━━━━━ EXTRACTED INFORMATION ━━━━━

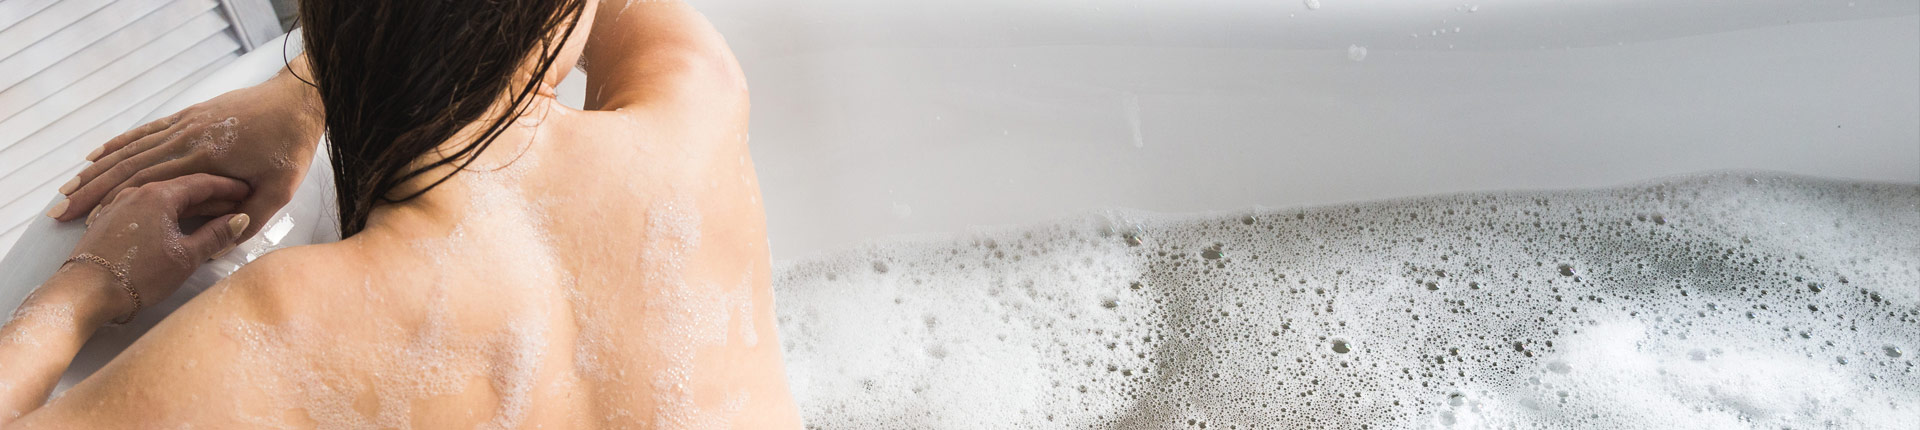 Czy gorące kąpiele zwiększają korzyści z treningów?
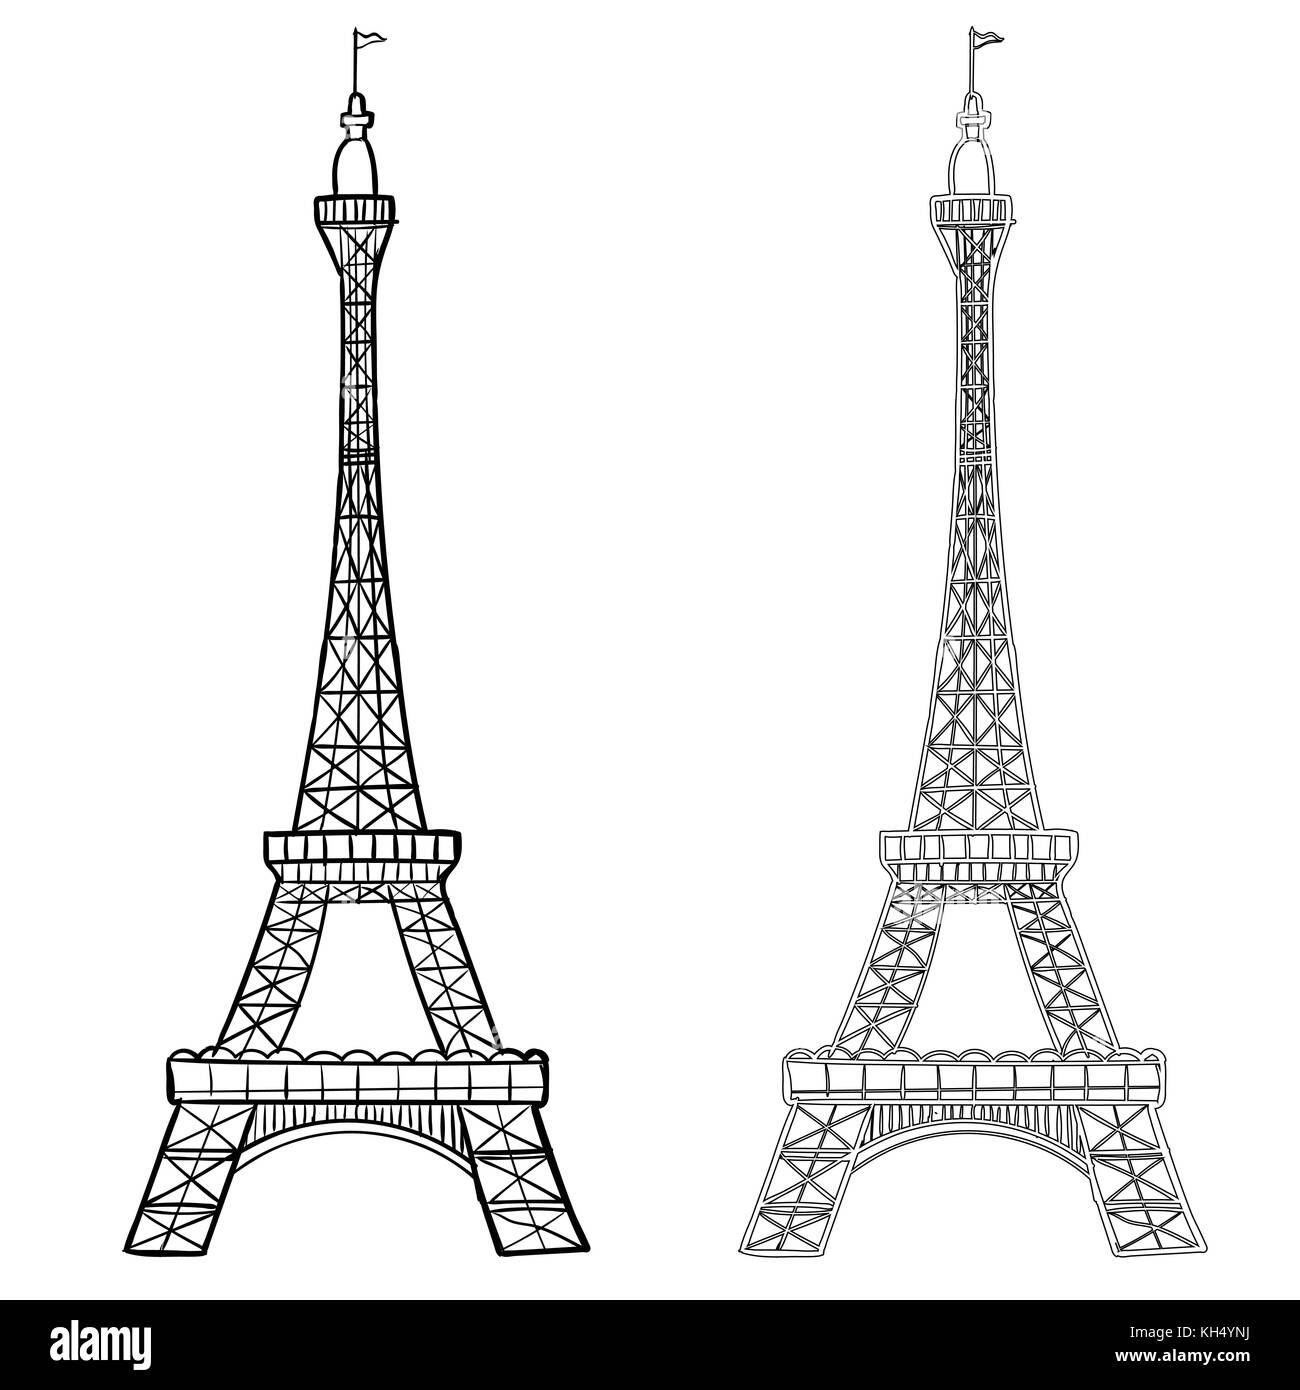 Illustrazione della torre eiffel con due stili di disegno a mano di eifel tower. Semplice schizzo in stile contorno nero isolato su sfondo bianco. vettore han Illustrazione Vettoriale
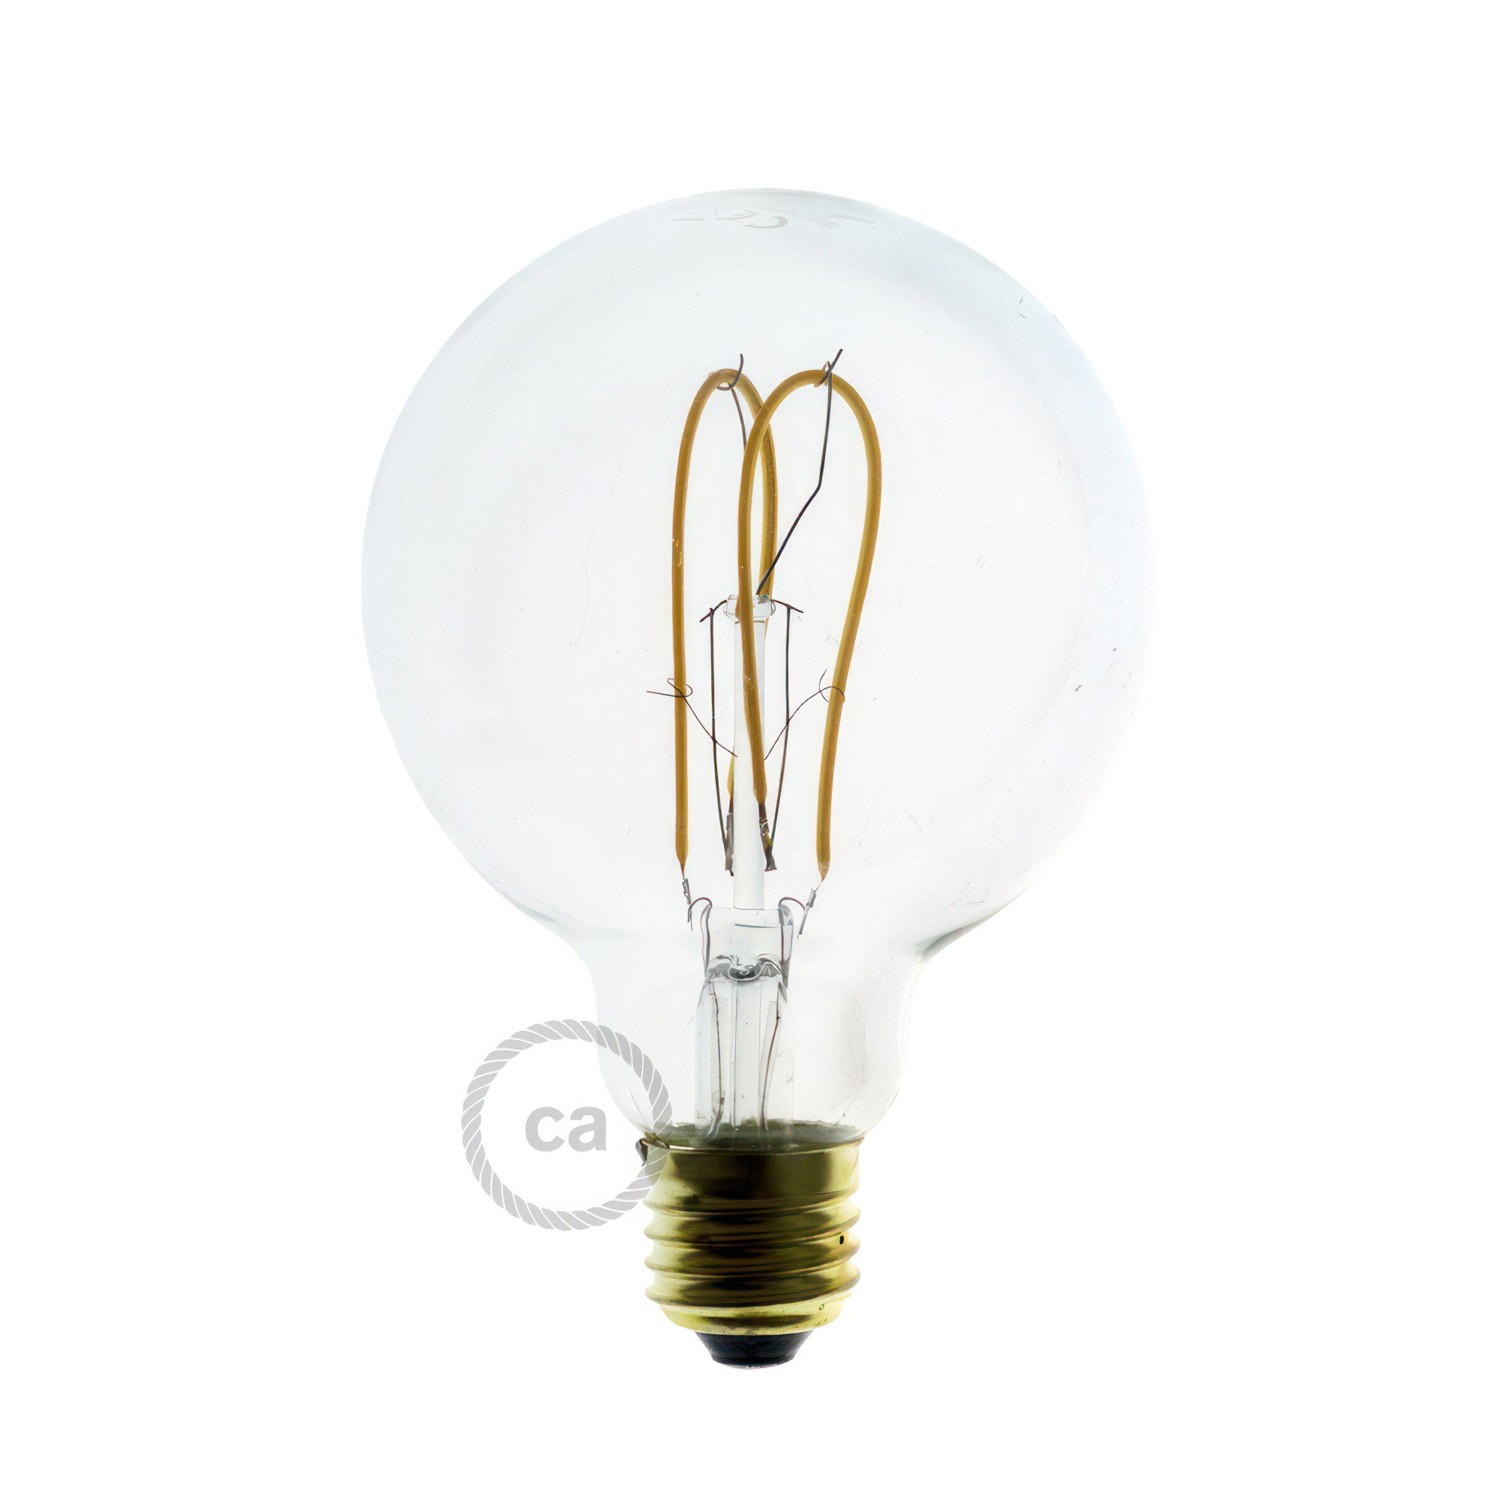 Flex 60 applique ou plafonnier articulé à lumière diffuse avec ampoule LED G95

━━━━━
━━━━━ EXTRACTED INFORMATION ━━━━━

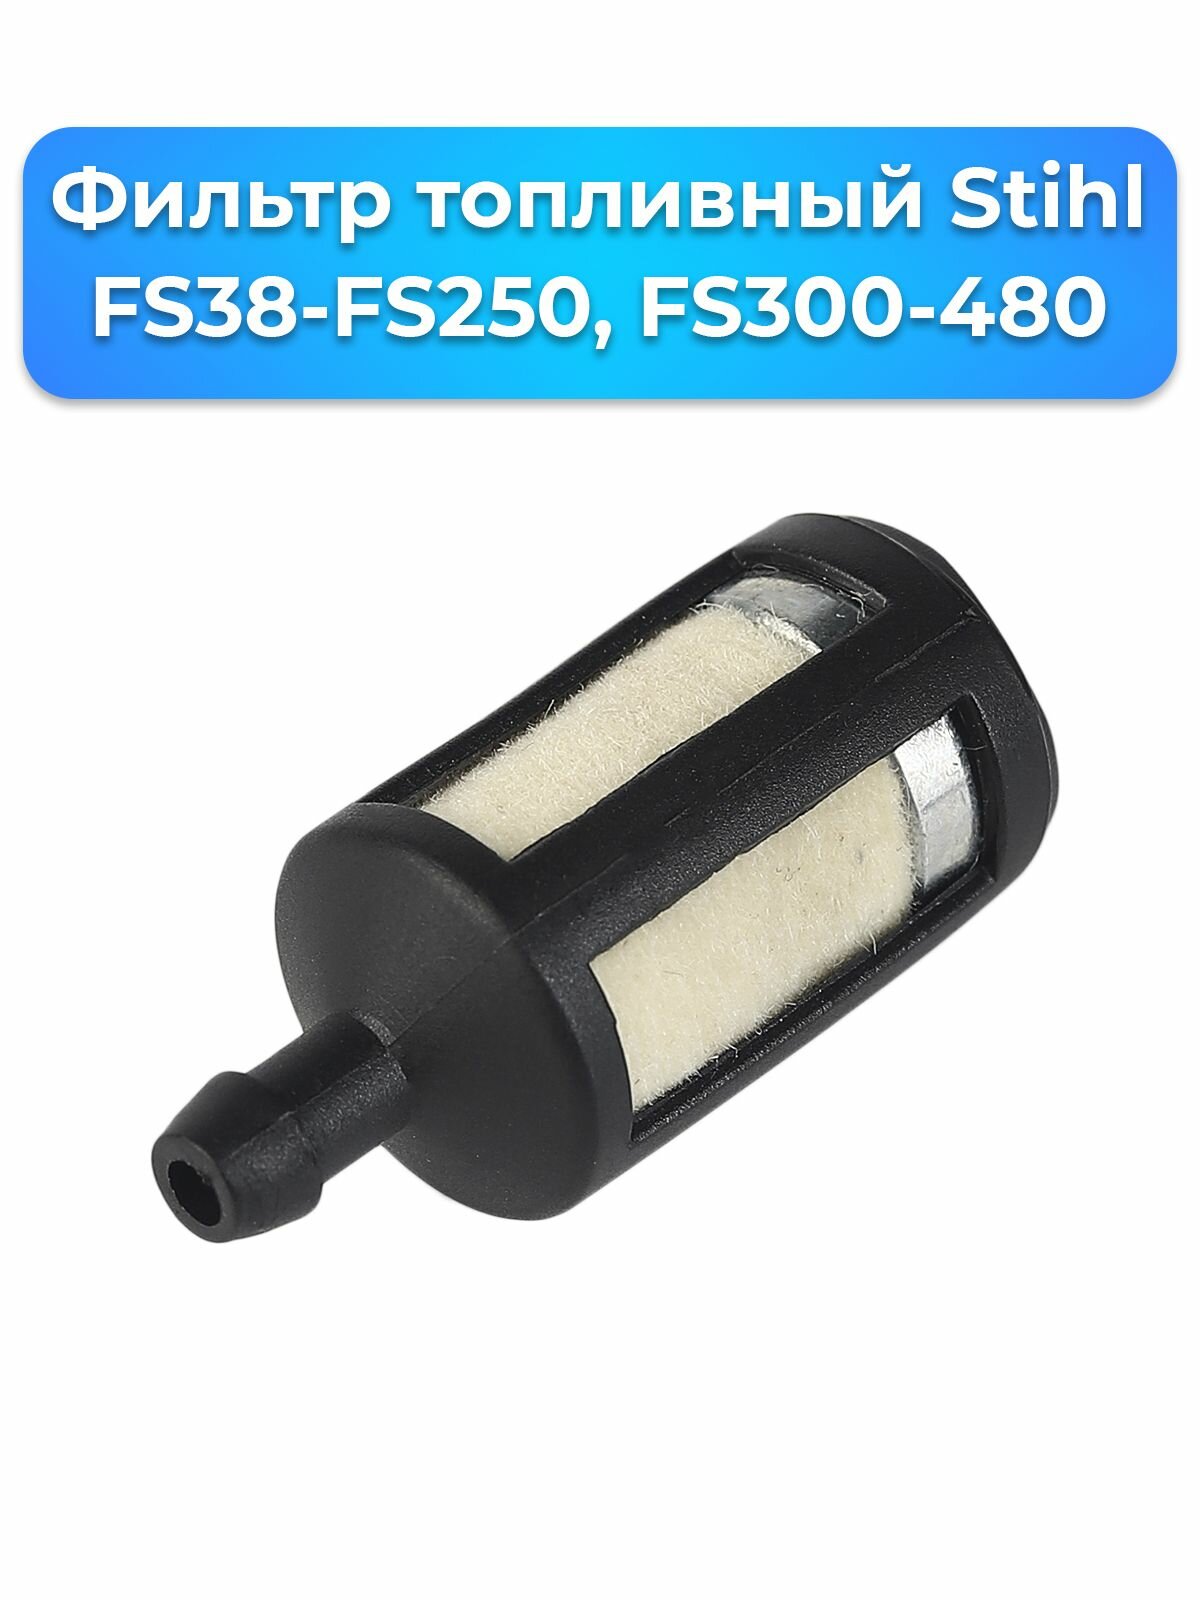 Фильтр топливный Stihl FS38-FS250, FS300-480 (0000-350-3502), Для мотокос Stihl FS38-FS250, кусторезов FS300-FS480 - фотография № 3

━━━━━

▸ WHAT THIS TASK INVOLVES
In the listing above, find the line containing "Illustrazione della torre". Output it and every line after it up to and including the line containing "Flex 60 applique", exactly, but skip the pictures.

▸ TASK ANSWER
 Illustrazione della torre eiffel con due stili di disegno a mano di eifel tower. Semplice schizzo in stile contorno nero isolato su sfondo bianco. vettore han Illustrazione Vettoriale
 Flex 60 applique ou plafonnier articulé à lumière diffuse avec ampoule LED G95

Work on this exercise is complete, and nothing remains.